Saturday, 10 July 2010

'Spirit of the Sea'

My Generation (The Who)

This is the power generator at Southwell Primary School on Portland. For many months, probably years, not only has it provided 'free & green' energy for the school, it has also been an eye-opener to just about every pupil. With an easily accessible and readable meter in the foyer the children could read energy generated, used etc, but now all of that has come to an end. Herring Gulls, not uncommon hereabouts have been flying into the blades regularly and often 'quartering' themselves as they do so. In the name of humane practice and to save the youngsters meeting with the carnage each morning it has been turned off. A great pity in my view, as I'm told the kids love it, but I guess the sensible option.

Magpie family (at least one young bird, right, with short tail).

As may be seen from the top picture, today was foggy to say the least in fact at the top of the hill at Portland a proverbial 'pea-souper' (an English expression for something you cannot see through). I was alerted to this as I left home in clear conditions, but all around me was surrounded by low visibility. As there is no restrictions on the 'bus pass' at the week-end I headed straight for Portland and coupled with High Water Spring Tides also bye-passed Ferry Bridge.

With little more than the Magpies to entertain me, the day was saved by what is always excellent conversation with Martin Cade (Warden PBO), John Lucas et al, and as added bonus re-meeting Simon and Deborah Earwicker. In fact after a brief chat at the Observatory I met them again on the East Cliff and had a further 40 minutes or so. Certainly look forward to seeing you 2 again!

Today also sees the middle of the annual 10 days 'Spirit of the Sea Celebration' in Weymouth, and day one of the 2 day 'Dorset Seafood Festival' so what better reason for heading back to town? As I walked along the sea-front you could already smell the crabs, scallops, prawns and paella cooking, but if there is one thing I believe they get wrong it's the extortionate prices, wot £2.00 for a side of Mackerel. Otherwise EXCEPTIONAL!

Stopping on the promenade, I can never resist the temptation to view the ever changing 'sand models', this month depicting The Mad Hatter's Tea Party (Through the Looking-Glass and What Alice Found There). From left, the Queen of Heart's, March Hare, Mad Hatter, Alice, Hare's Pal and Bandersnatch (or is it a Jabberwock?).

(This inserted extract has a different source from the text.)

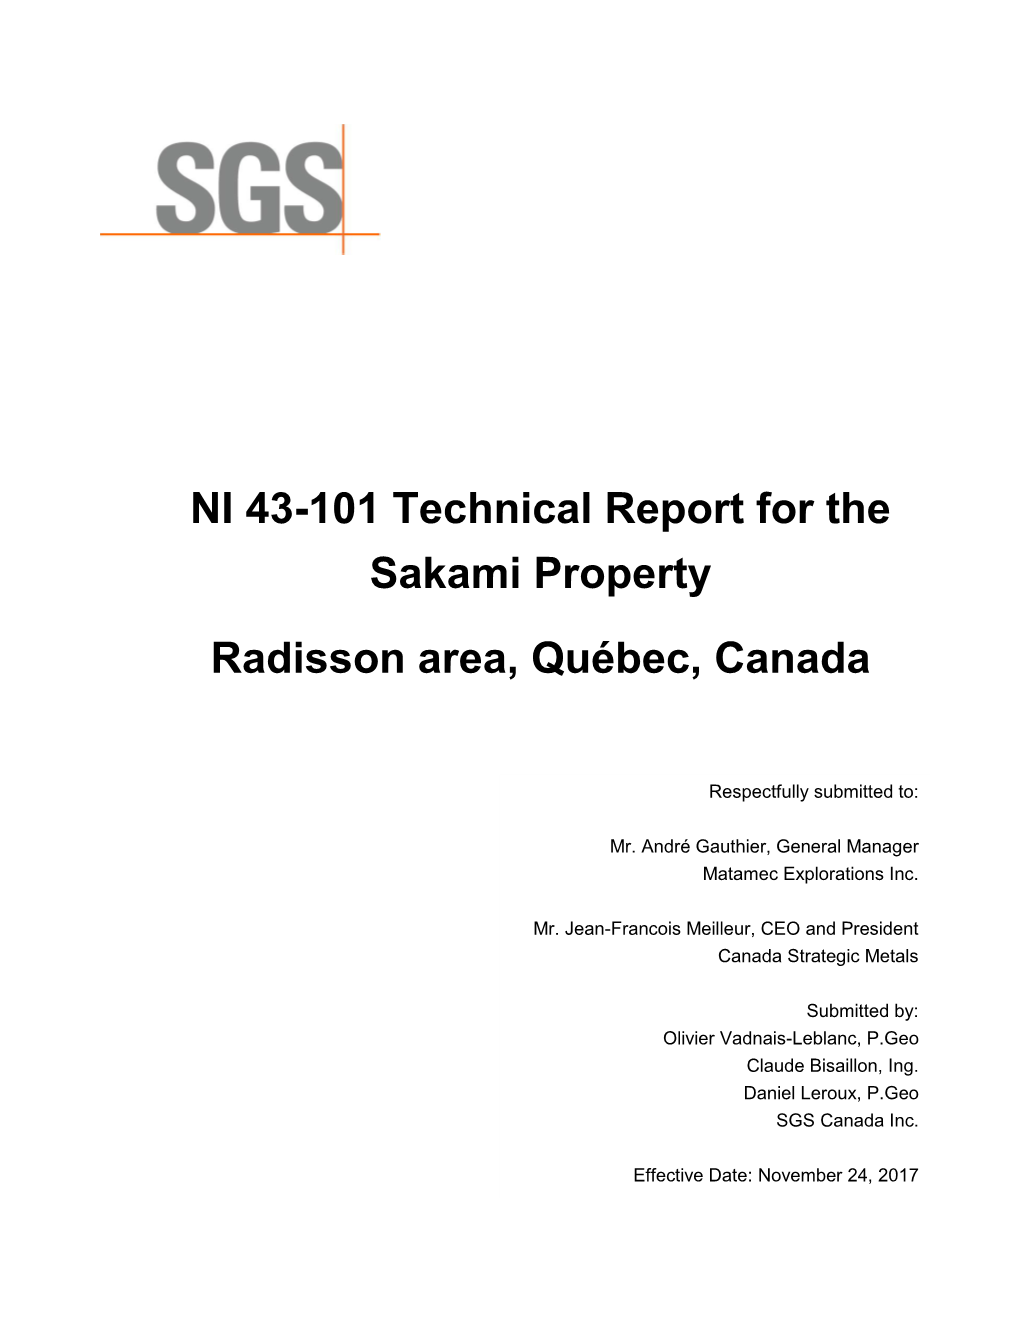 NI 43-101 Technical Report for the Sakami Property Radisson Area, Québec, Canada
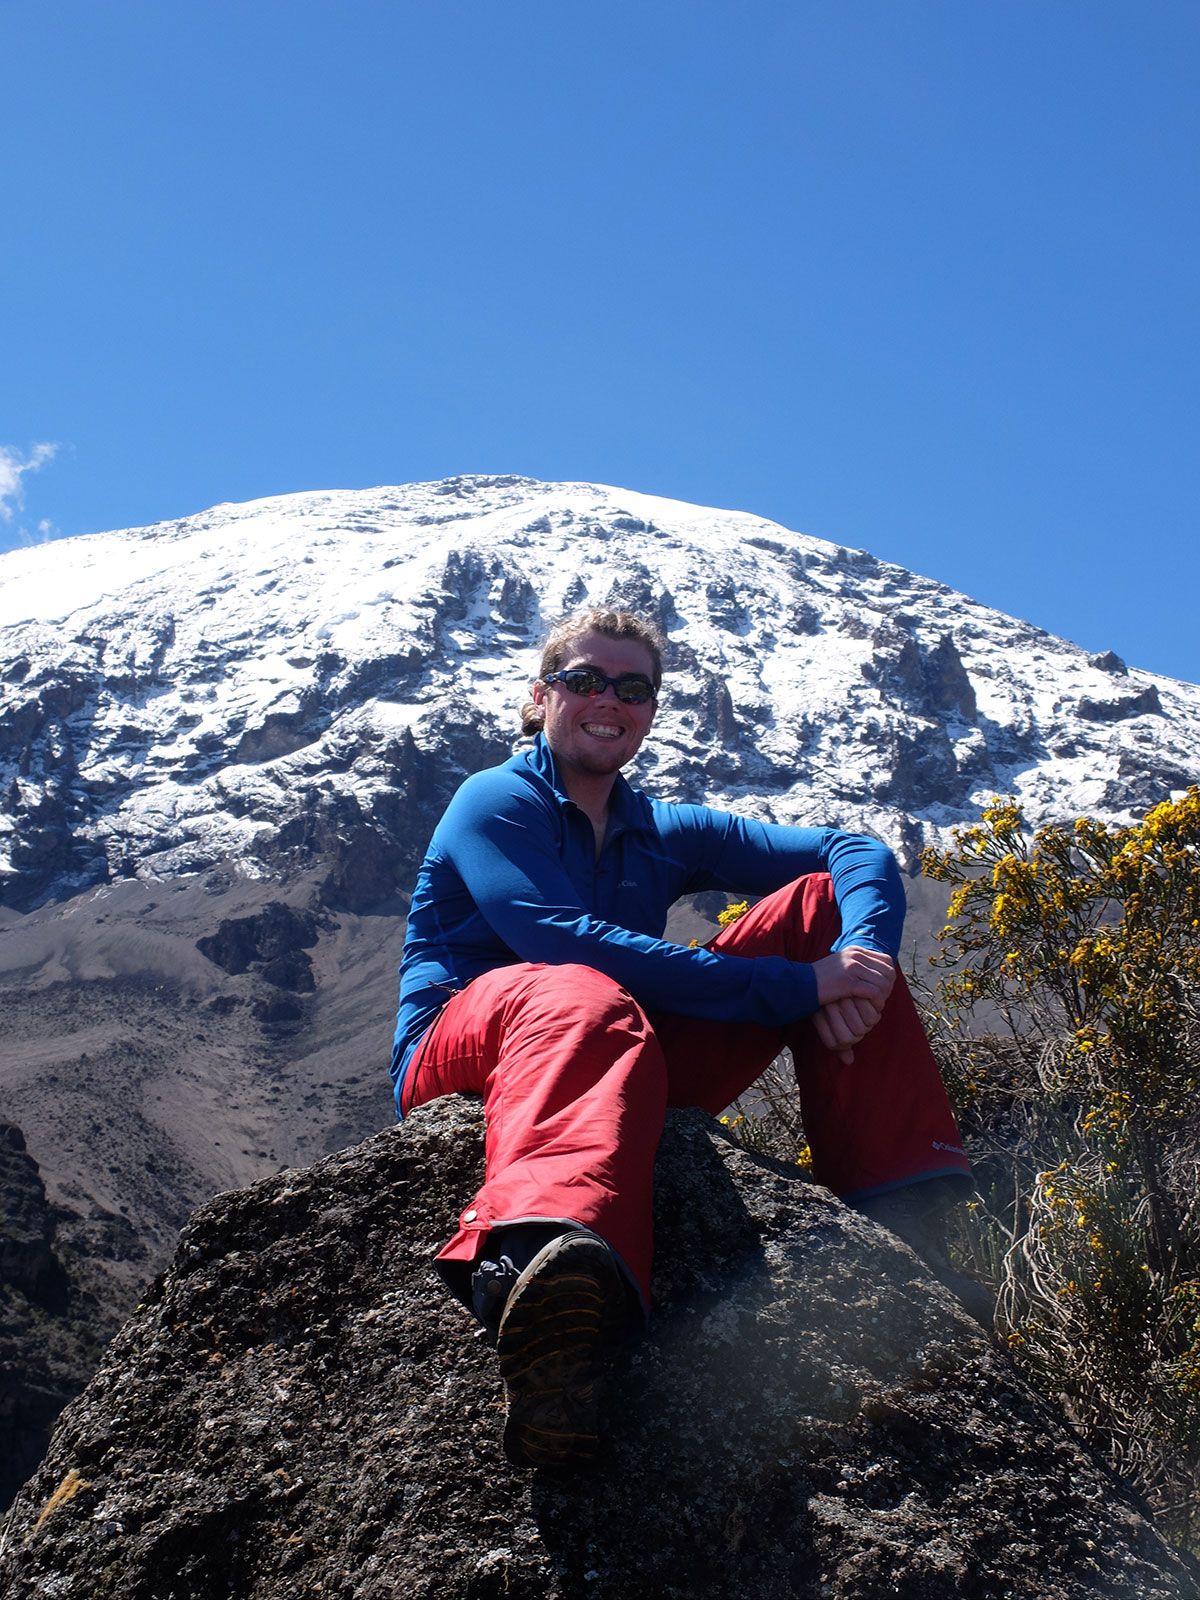 Mount Kilimanjaro and website testing

Sand sculpture's whose work became one of the most famous attractions at Weymouth was started nearly 70 years by Fred Darrington. Mr Darrington died in 2002, just12 days short of his 80th birthday, but over those years what joy he brought to what must total 'millions'. Since his death his grandson Mark Anderson (b. 1966) has taken over the work. My personal favourite has always been what must have been his most intricate work, Westminster Abbey but a close second came his tribute to my 'all time hero'.

James (Jimi) Marshall Hendrix 27 November 1942 - 18 September 1970 (a photo from the archive) depicted in sand. All sculptures were made of just sand and seawater (plus water-based paints of course).

A little further along I came across this 'Steam Driven Car', a real novelty. The owner/driver told me he gets 40 miles to the tank full (water that is).

Arriving at Weymouth Quay-side, not surprisingly,the crowd had beaten me to it.

'Ernest & Mable' the Weymouth Lifeboat.

'Standard Diving' exhibition,

also called 'Hard Hat Diving' as the picture shows.

The Model Boat Society were here in force with everything from Motor Torpedo Boats to Nuclear Submarines,

local Fishing Vessels to Search and Rescue Cutter,

and even a pair of 'radio controlled' Mute Swans and a

pair of Canada Geese which, by looking at the man in the blue shirt, was gaining great pleasure as he made them 'honk'.